Вопрос показался Лэнгдону странным.

– Соньер, – ответил он, пока они шли по проходу в южное крыло «Денон», самый известный из трех музейных отделов. – Несколько недель назад его секретарь связалась со мной по электронной почте. Написала, что хранитель наслышан, что в этом месяце я собираюсь прочитать в Париже лекцию, и хотел бы обсудить со мной какие-то вопросы.

– Какие именно?

– Не знаю. Полагаю, имеющие отношение к искусству. У нас с ним одинаковые интересы.

Фаш окинул его недоверчивым взглядом.

– Вы не представляете, по какому поводу должны были встречаться с Соньером?

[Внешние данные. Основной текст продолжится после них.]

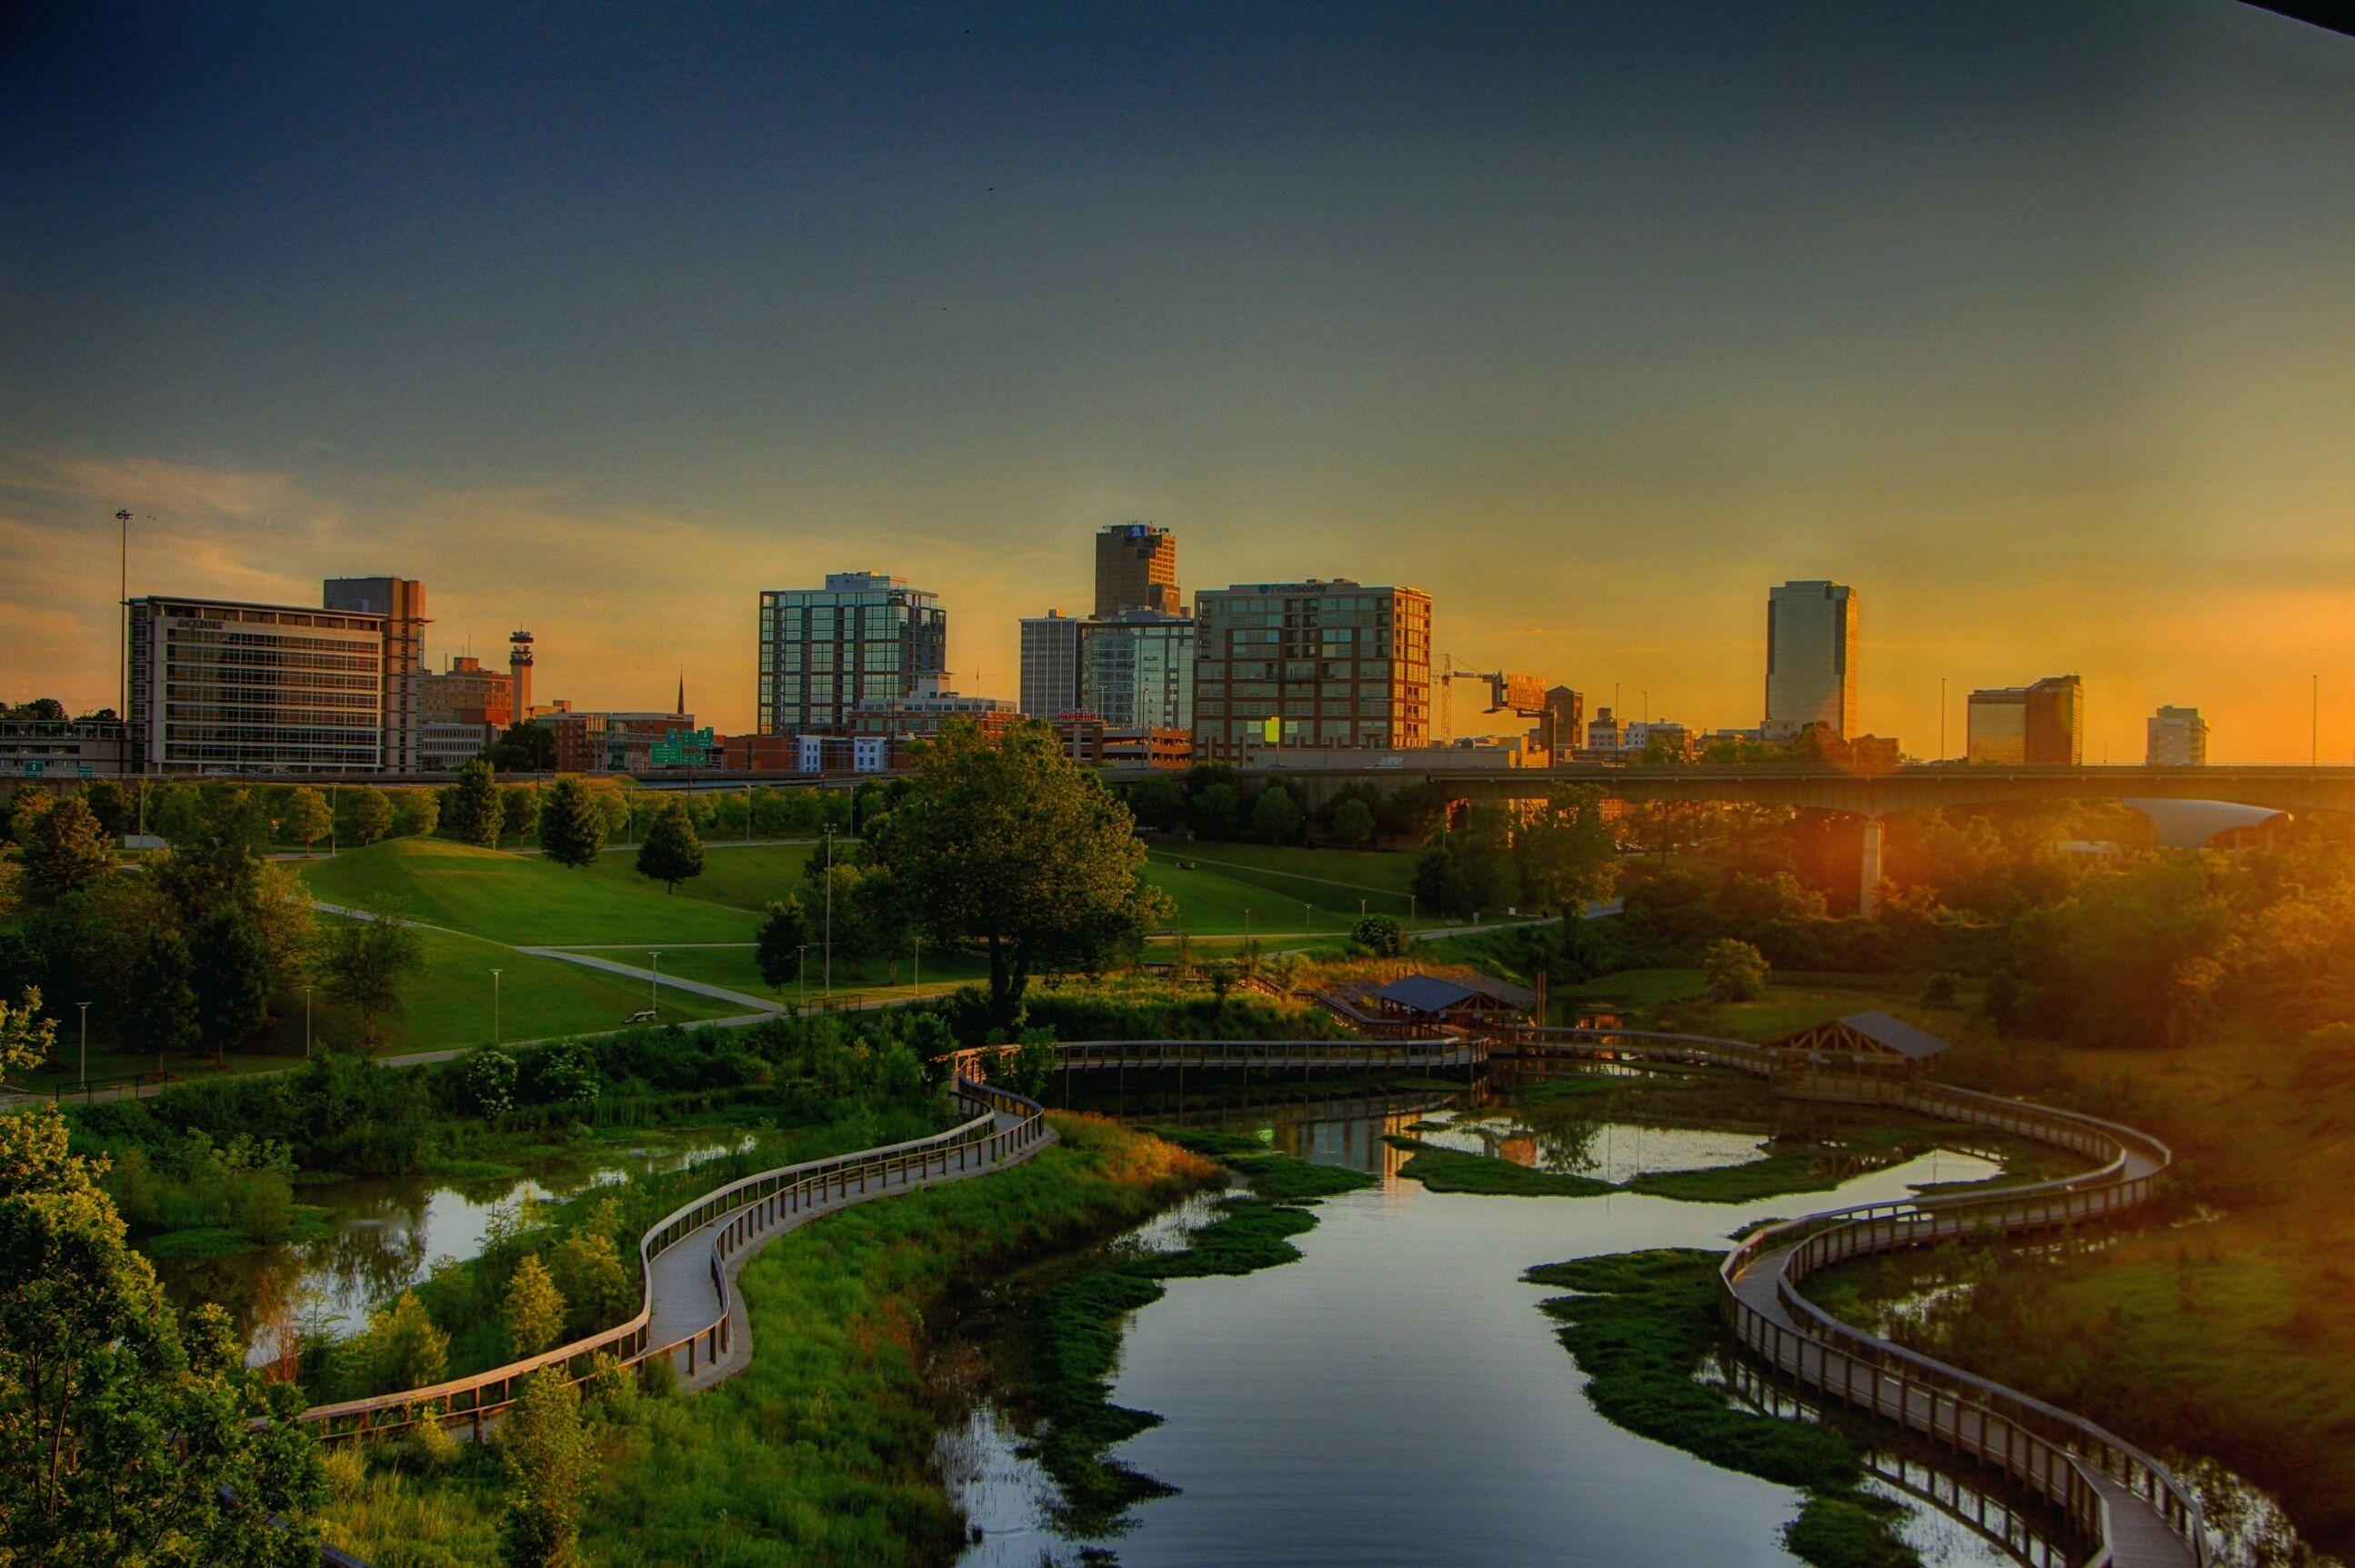 The Most Dangerous Areas in Little Rock, Arkansas

Лэнгдон не представлял. Когда он получил письмо секретаря хранителя, ему стало любопытно, но он посчитал неудобным интересоваться деталями. Уважаемый господин Соньер ценил уединенность и почти ни с кем не встречался. Лэнгдон испытал благодарность уже за то, что ему представилась возможность с ним увидеться.

– Мистер Лэнгдон, неужели у вас нет ни малейшего представления, что собирался обсудить с вами хранитель Лувра вечером, когда его убили? Это могло бы помочь расследованию.

От многозначительности вопроса Лэнгдону стало не по себе.